直链PEI,应用最广泛使用的主要有PEI25000与PEI40000(即PEIMAX),在HEK293和CHO等细胞中转染效率较高。PEI 40000与PEI 25000转染试剂相比,具有很多优点。包括:
1.溶解性:PEI 40000较易溶解,可直接在水中溶解,PEI 25000需要先把水调成弱酸性助其溶解,溶解后再用NaOH把pH调至中性;
2.操作性:PEI 40000操作简便,更易于使用,且比PEI 25000的转染效果好;
3.稳定性:PEI 25000含有4-11%的丙酰基残留,其能阻止聚合物主链与DNA结合。相较于PEI 25000,PEI 40000是完全脱落的结构,因此其性能始终高效如一。
PEI转染的原理
直链PEI单体中每3个原子含1个氮,并构成同的胺基。每相隔二个碳原子,即每第三个原子都是质子化的氨基氮原子,使得聚合物网络在任何pH下都能充当有效的质子海绵(proton sponge)体。这是PEI有较强的结合DNA和黏附细胞并作为基因转导载体的重要原因。
图2. pH值与质子化关系
(源自:doi.org/10.1021/acs.macromol.0c01501)

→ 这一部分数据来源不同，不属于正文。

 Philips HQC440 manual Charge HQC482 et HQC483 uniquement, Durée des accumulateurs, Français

PEI 能将 DNA 包裹成带正电荷的微粒,这些微粒可以黏合到带有负电荷的细胞表面残基,并通过胞吞作用进入细胞。一旦进入细胞,胺的质子化导致反离子大量涌入以及渗透势降低,在低pH环境中实现DNA胞内释放。最被接受的观点是PEI上未质子化的胺可以在与膜结合的细胞器(如溶酶体)中吸收氢离子,这将导致更多氢离子的流入,同时带来更多的氯离子和水,诱发渗透溶胀。而质子化胺之间的排斥引起PEI构象的改变,上述变化导致的渗透膨胀使囊泡释放聚合物与 DNA 形成的复合物进入细胞质。复合物拆解后,DNA 能自由的融合到细胞核中。
PEI转染使用操作方法
PEI转染试剂使用比较方便,对血清与抗生素兼容性强。
图3. PEI转染试剂操作步骤示意图
具体操作步骤范例如下(以6孔板为例):
1.接种细胞
为了提高转染效率,建议在转染前一天接种细胞,以转染时细胞密度在70%~80%为宜。
2.配置复合物
按照以下体系配制DNA-PEI核酸-转染试剂复合物:
1)对于每孔细胞,使用100 μL无血清培养基稀释2 μg目的DNA,充分混匀成DNA稀释液。

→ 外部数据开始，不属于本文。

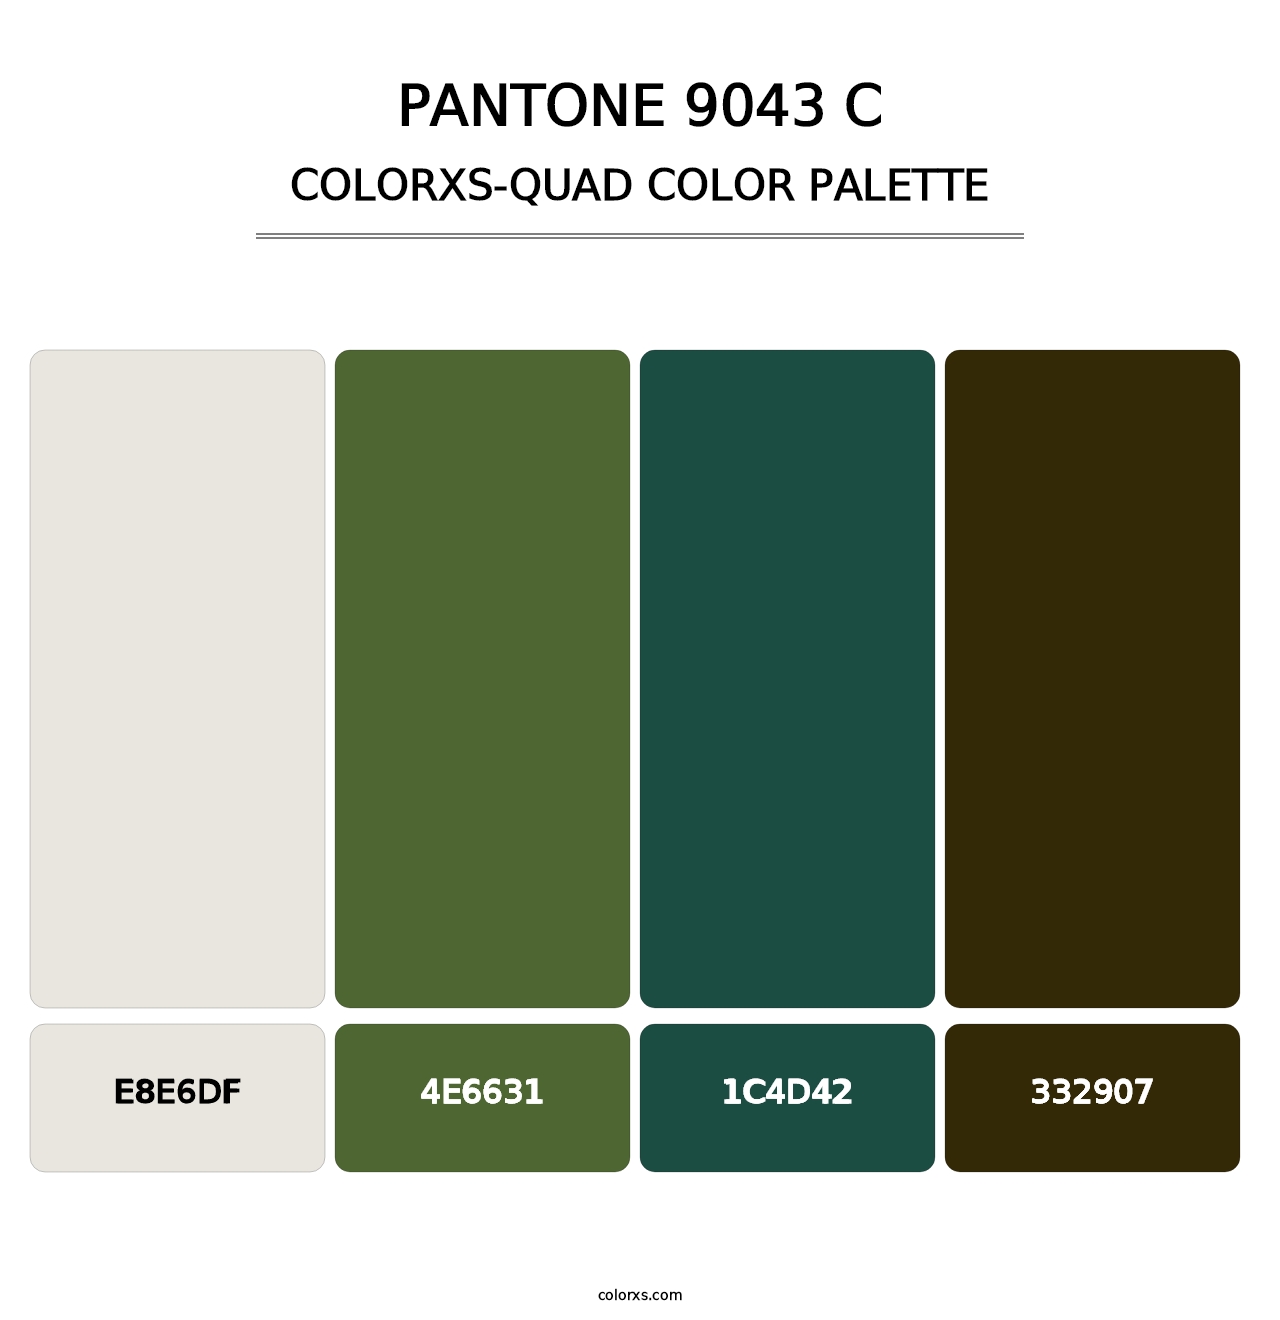 PANTONE 9043 C - Colorxs Quad Palette

【注】无血清稀释液建议采用Opti-MEM或ddH2O
2)立刻向100 μL的DNA稀释液中加入4 μL的PEI 40000转染试剂,轻轻混匀。
3)在室温下孵育10~20 min,使得形成DNA-PEI的子核酸转染试剂复合物。
3.转染细胞
1)在形成复合物过程中,移除细胞生长培养基,每孔中加入2 mL新鲜预热的完全培养基。
2)直接将100 μL DNA-PEI核酸-PEI复合物加入细胞中,摇动培养板,轻轻混匀。
4.检测结果
37 ℃,5% CO2培养箱培养,转染后最快5 h即可检测到转入基因的表达。请自行确定适合检测时间。
表1. 不同细胞培养容器转染用量(仅供参考):
|
培养皿 |
表面积(cm2) |
DNA的量(μg) |
转染试剂的量(μL) |
稀释液体积(μL) |
培养基总量 |
|
96孔板 |
0.3 |
0.1 |
0.1 |
10 |
100 μL |
|
48孔板 |
0.7 |
0.2 |
0.3 |
20 |
200 μL |
|
24孔板 |
1.9 |
0.5 |
1 |
50 |
500 μL |
|
12孔板 |
3.8 |
1 |
2 |
50 |
1mL |
|
6孔板 |
10 |
2 |
4 |
100 |
2 mL |
|
25cm2培养瓶 |
21 |
4 |
8 |
200 |
4 mL |
|
75cm2培养瓶 |
58 |
10 |
20 |
500 |
10 mL |
【注】:该表使用量仅供参考,具体使用量还需根据细胞类型及其他实验条件进行优化。使用时DNA(μg): 试剂(μL)比值保持在1:0.5-1:5
翌圣PEI使用的实例
1.重组蛋白表达
细胞:293F
细胞密度:2.0-3.0×106 cell/ml
培养条件:100 μg/ml青霉素-链霉素+SMM 293-T II无血清培养基+37°C、5% CO2
收获时间:5天后,收集培养基,通过Ni亲和层析和大小排阻层析纯化重组蛋白。
2.慢病毒包装
细胞:293T
收获时间:48h
PEI使用常见问题
Q1:多配置一点母液冻存起来是否会延长效期?
A:不建议冻存,储存液4℃保存3个月
Q2:转染后是否需要换液?
A:若转染前进行了换液,可不进行换液,若需要换液可在转染后6-8h可以进行换液。
Q3:转染的时候是否需要无血清培养基培养?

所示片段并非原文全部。